The Answer is almost never. I understand there have been cases where practices have been sold for the estate of suddenly deceased practitioners. Yes, it is difficult to get top dollar and a purchaser needs to be willing to act quickly, but it can be done.
A lot depends on the client list, are there solid clients, appropriate work papers, experienced staff secured by an employment contract? Do the clients span a wide age bracket, do they have successful businesses, money to invest, etc? Where is the location of the practice, if in a small regional area, it may be more difficult to sell and require an understanding local firm to take over the practice and pay it off over time.
Perhaps the better question is, what stops a practice from selling? Often this is the owner/s. The owner may say they want to sell, but are lost, not understanding what to do. Also, in some small firms, one partner may want to sell but the other not so, makes it difficult.
Some practices gradually run down, no new clients are taken on, those that stay do so for special services, often away from normal accounting work. Some senior accountants provide significant family counselling services.

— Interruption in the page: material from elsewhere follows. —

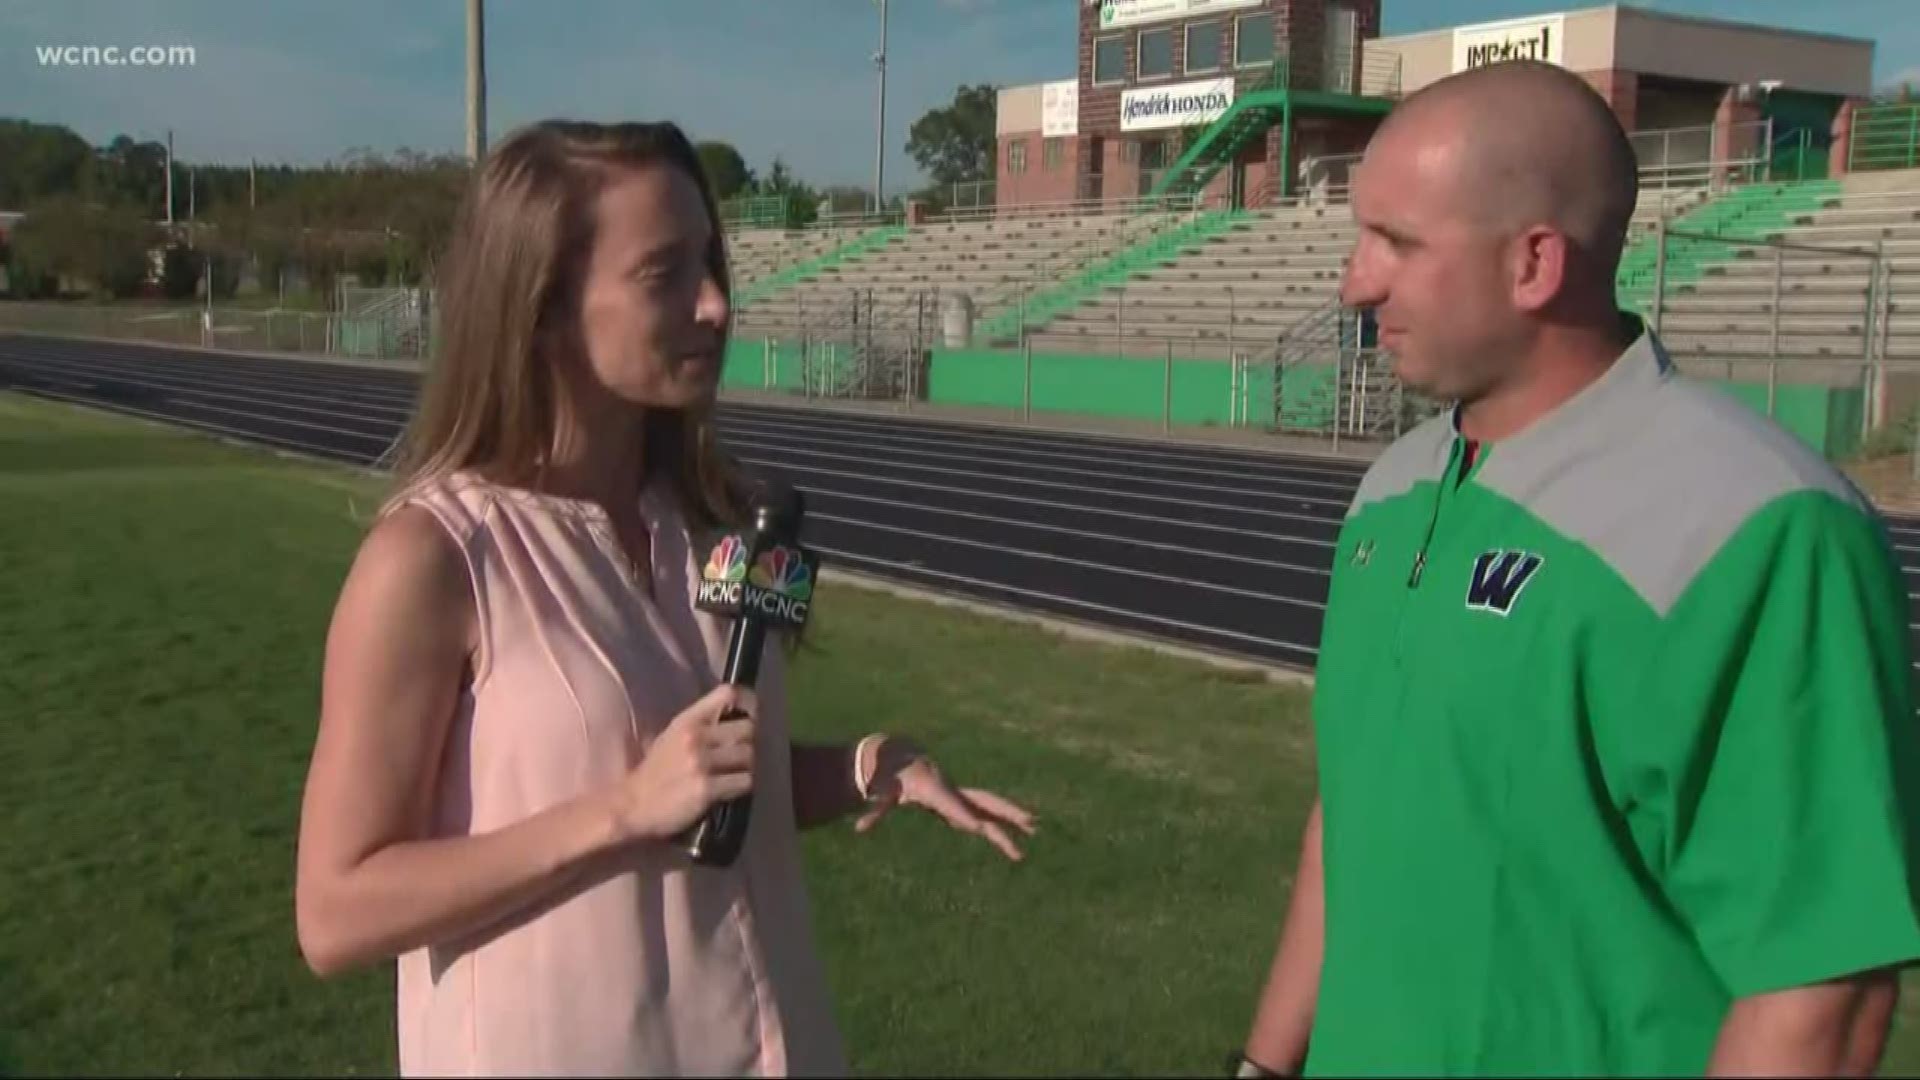 Week 7 of high school football, NBC Charlotte's Ashley Stroehlein caught up with Warriors head coach Andy Capone to talk about tonight's matchup.

For some elderly people, often the very rich, the only person they trust at the end of their life is their accountant. How can that trust be sold? This requires a careful selection and introduction of the purchasers. The vendor/s need to stay around to ease the transfer.
Though the practice may have dropped fees, there is usually still some ongoing compliance work, it can be sold. Also, if the practitioner is willing to stay on, with an invigorated team behind him or her, new clients can be introduced. This therefore requires a payment option whereby the vendor receives extra money, for new clients introduced.
Some practitioners are just too busy to face the process of selling. They don’t know what to do and how to do it. The project therefore just keeps getting deferred.
For those practitioners who want to sell, they have the option to use a practice broker. Most brokers are very careful and won’t promote a sale to someone who will destroy the old firm. Yes, brokers charge a significant fee, but act for vendors to help promote and ease the sale along. Also, they know buyers, especially those who have previously successfully bought fees, they know buyers with borrowing capacity and the ethics to honour the deal.
I do hear stories of the most awful unethical and dishonest accountants, both from the selling and purchasing side. Vendors do need to be careful.
Another option is to speak with colleagues and practice consultants.
The process is to analyse your client base, update your data base, ensure your IT system is properly backed up, if possible make sure staff have signed employment contracts, then identify possible purchasers and go through the vetting process. Next handle the sales process. Confidentiality is important, another reason for using a practice broker.
If this is not something where you have experience, using a consultant/practice broker makes sense. They will also keep you focussing on the sale, so you do not get lost in all the day to day issues of client work. That way it will not become too late to sell.